Mobilmachungspoeten und Kriegsmaler

Ernst Piper legt eine Geschichte der Hochkultur im Ersten Weltkrieg vor

Von Stefan DiebitzRSS-Newsfeed neuer Artikel von Stefan Diebitz

Besprochene Bücher / Literaturhinweise

Anders als der Zweite Weltkrieg, dem die Kunst überhaupt nichts und die Literatur kaum mehr als Landserheftchen zu verdanken hat, konnte das Völkerschlachten zwischen 1914 und 1918 eine Reihe von Künstlern und Dichtern zu wirklich großen Werken inspirieren. Woran das lag, ist nicht leicht festzumachen. Ein ganz einfacher Grund mag sein, dass viele Künstler und Dichter in den früheren Krieg zogen, weil sie sich den Ansprüchen der Nation nicht entziehen mochten, wogegen 1939 fast alle wirklich bedeutenden Köpfe sich entweder in Opposition befanden oder im Exil oder Schlimmeren aufhielten.

Denn dass sich das infernalische Toben des Maschinenkrieges noch einmal zu einer nun endlich nicht mehr abbildbaren Apokalypse gesteigert haben sollte, scheint nach Verdun und der Schlacht an der Somme kaum glaubhaft. Schlimmer als dort kann auch der Zweite Weltkrieg nicht gewesen sein.

Der Erste Weltkrieg hinterließ seine Spuren nicht allein in der großen Kunst, sondern die Kriegserlebnisse wie die Niederlage prägten auch die Nachkriegszeit: die 1920er-Jahre waren ein Jahrzehnt der Kämpfe, ja eines blutigen Bürgerkrieges und zahlreicher politischer Morde. Nach dem Zweiten Weltkrieg dagegen dauerte es mehr als zwanzig Jahre, bis sich eine entschiedene Opposition formierte. Die 1920er-Jahre brachten polemische, sogar hasserfüllte Bilder hervor, oft mehr Karikaturen als Porträts, und in Bild wie Schrift wurde der Übergang zum politischen Kommentar fließend, wogegen sich im Lande Adenauers die Abstraktion breitmachte und jede Sinnstiftung und Parteinahme konsequent verweigerte. In der Literatur verhielt es sich ähnlich, denn Ernst Jünger mit seinen Schilderungen der Grabenkämpfe stand ja nicht allein, wogegen die Autoren dreißig Jahre später sich weniger den „industriellen Feldschlachten“ als vielmehr der Heimkehr deprimierter und ausgemergelter Gestalten widmeten.

Alles gute Gründe, eine Kulturgeschichte des Ersten Weltkrieges vorzulegen, auf die wir schon lange warten.
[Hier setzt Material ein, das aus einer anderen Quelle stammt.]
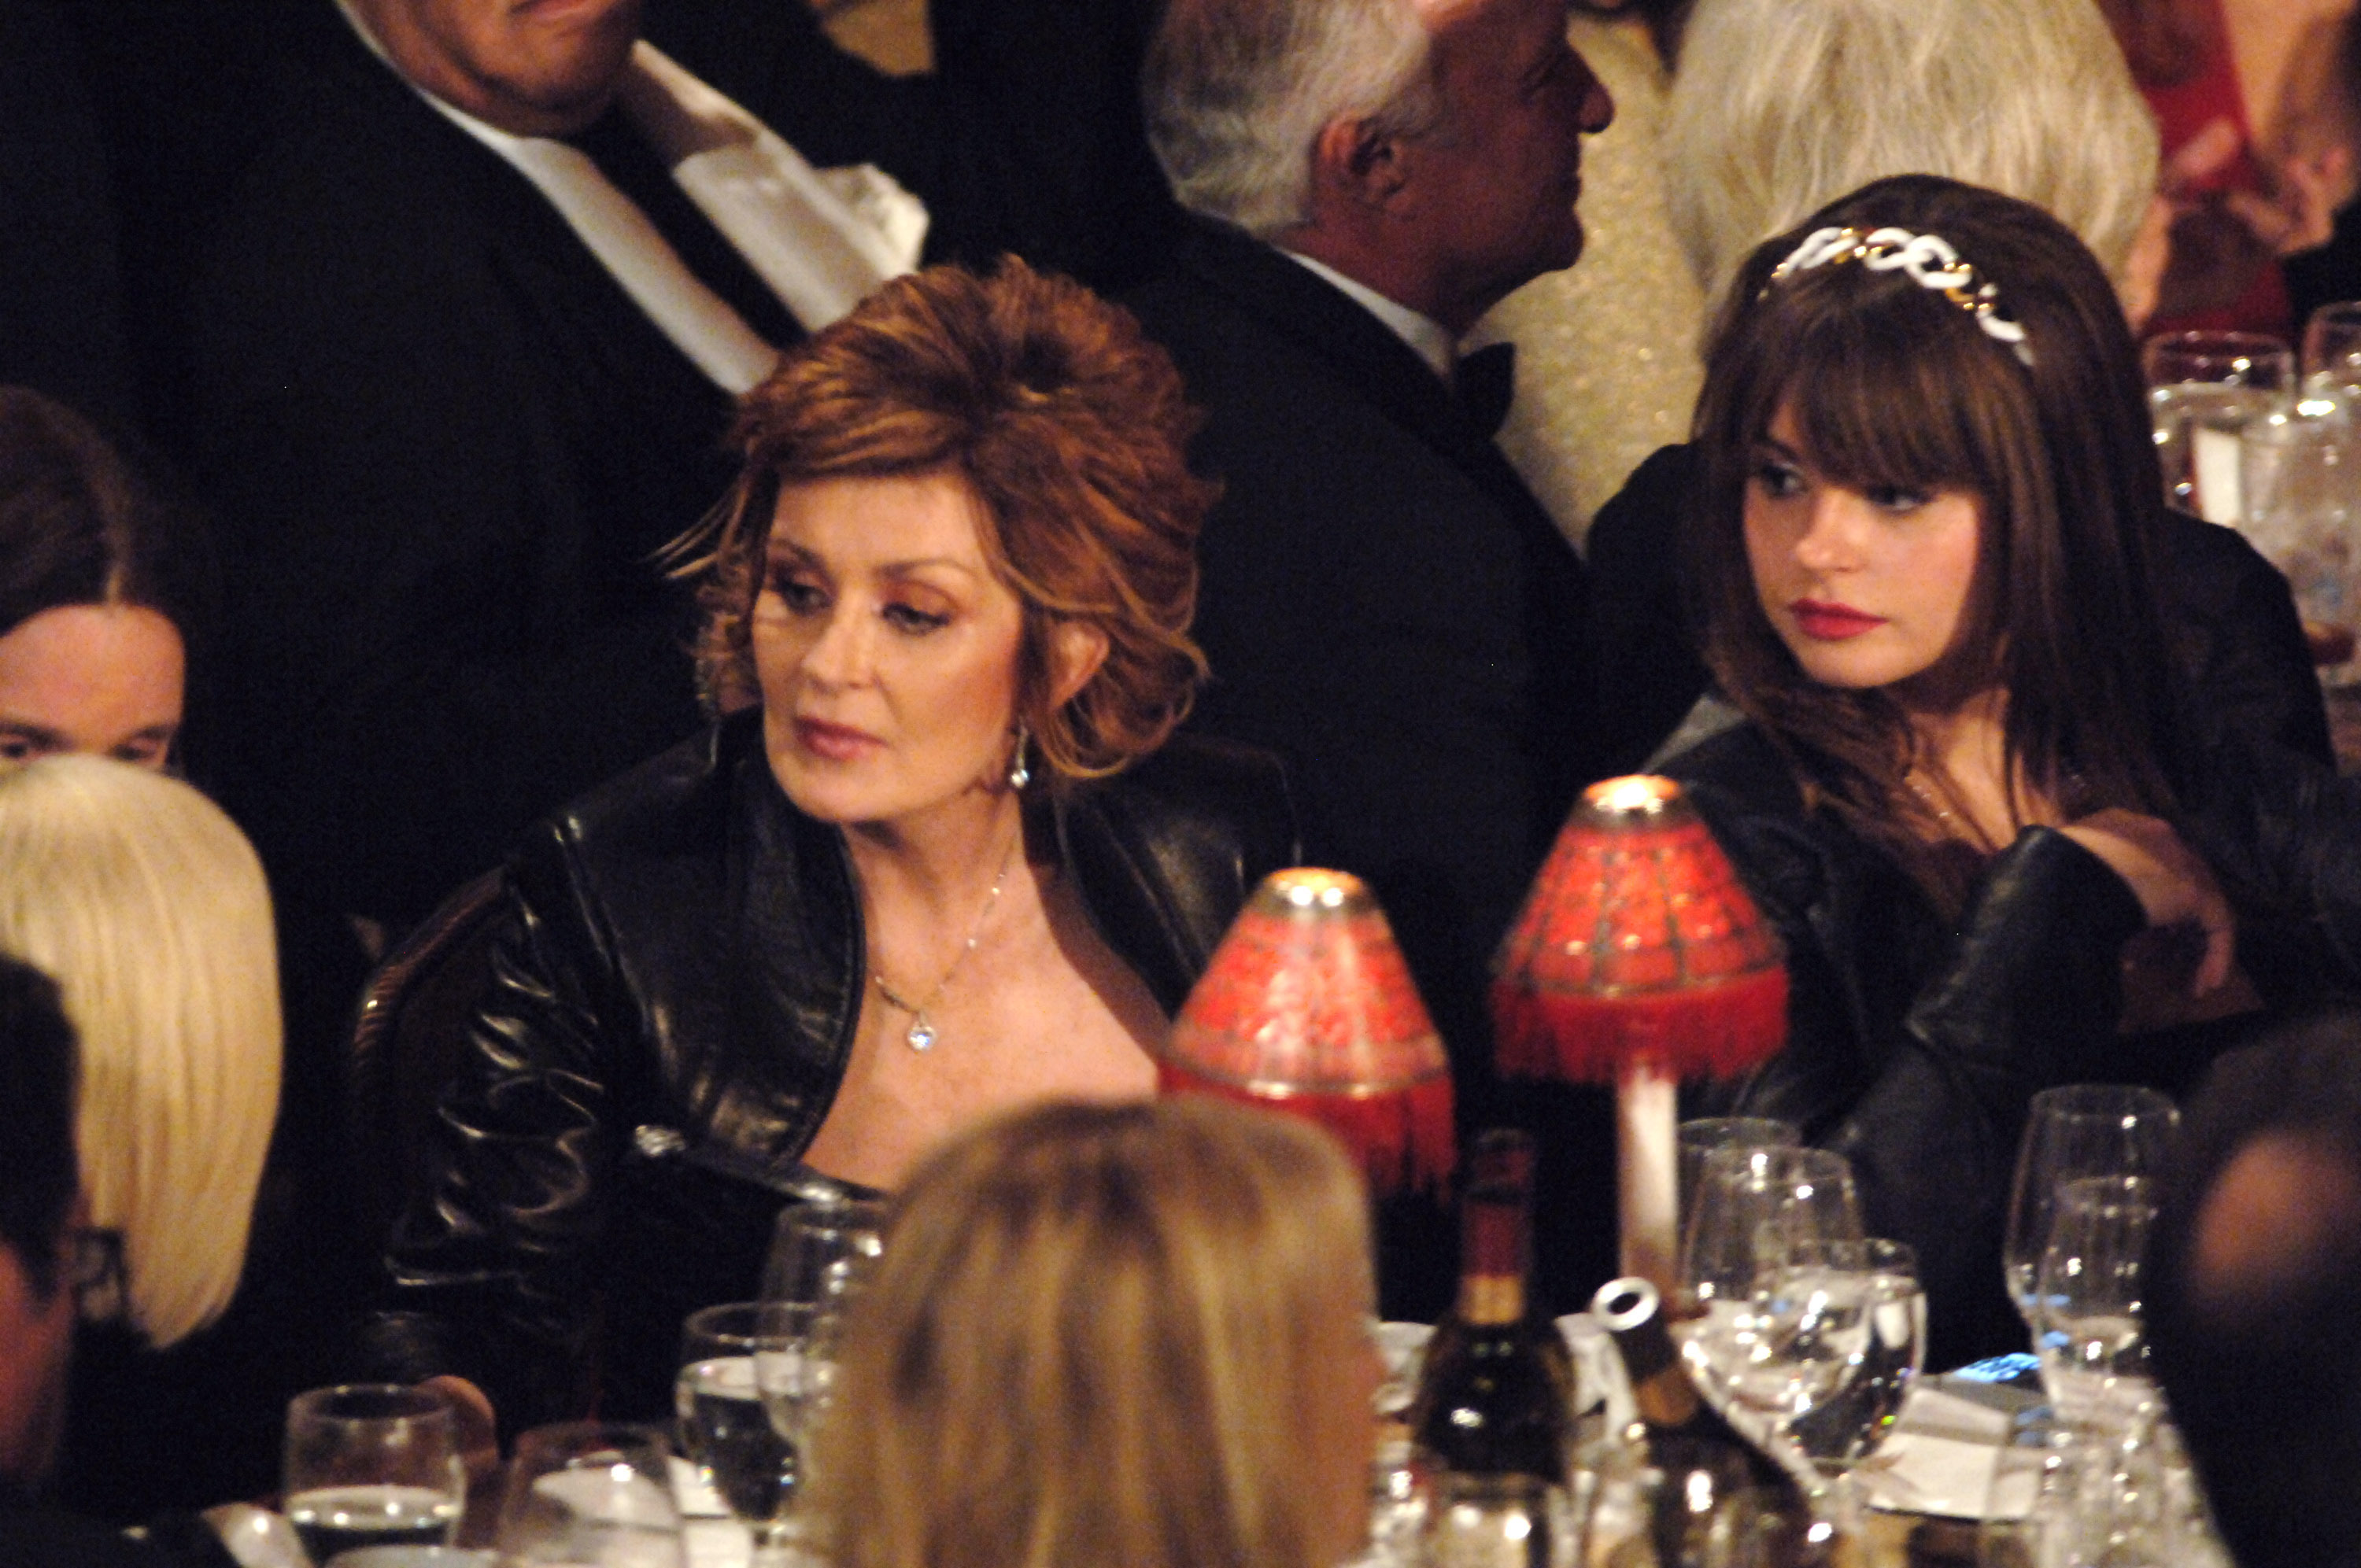 Sharon and Aimee Osbourne at the 21st Annual Rock and Roll Hall of Fame Induction Ceremony on March 13, 2006 in New York City | Source: Getty Images

In seinen eigenen Worten war es das Ziel Ernst Pipers, „eine ‚dichte Beschreibung‘ im Sinne der Kulturtheorie von Clifford Geertz“ vorzulegen. Piper überträgt also auf europäische Geschichtsschreibung ein ethnografisches Konzept, das sich vor allem um die Interpretation von zunächst unverständlichen Zeichen und Bedeutungen im Rahmen einer fremden Kultur bemüht. Eine „dichte Beschreibung“ interpretiert auch nicht-kulturelle und nicht-sprachliche Äußerungen, als stellten sie einen Text dar und gehörten in einen zeichenhaften Zusammenhang. Aber obwohl von Piper gelegentlich auch Malerei und Plastik angesprochen werden, richtet sich der Focus seines Buches fast ausschließlich auf schriftliche Zeugnisse, zu denen vor allem politische Zeitungsartikel, propagandistische Werke oder Manifeste zählen. Die Alltagskultur dagegen kommt nicht vor, auch nicht der Wandel der Mode oder des sexuellen Verhaltens.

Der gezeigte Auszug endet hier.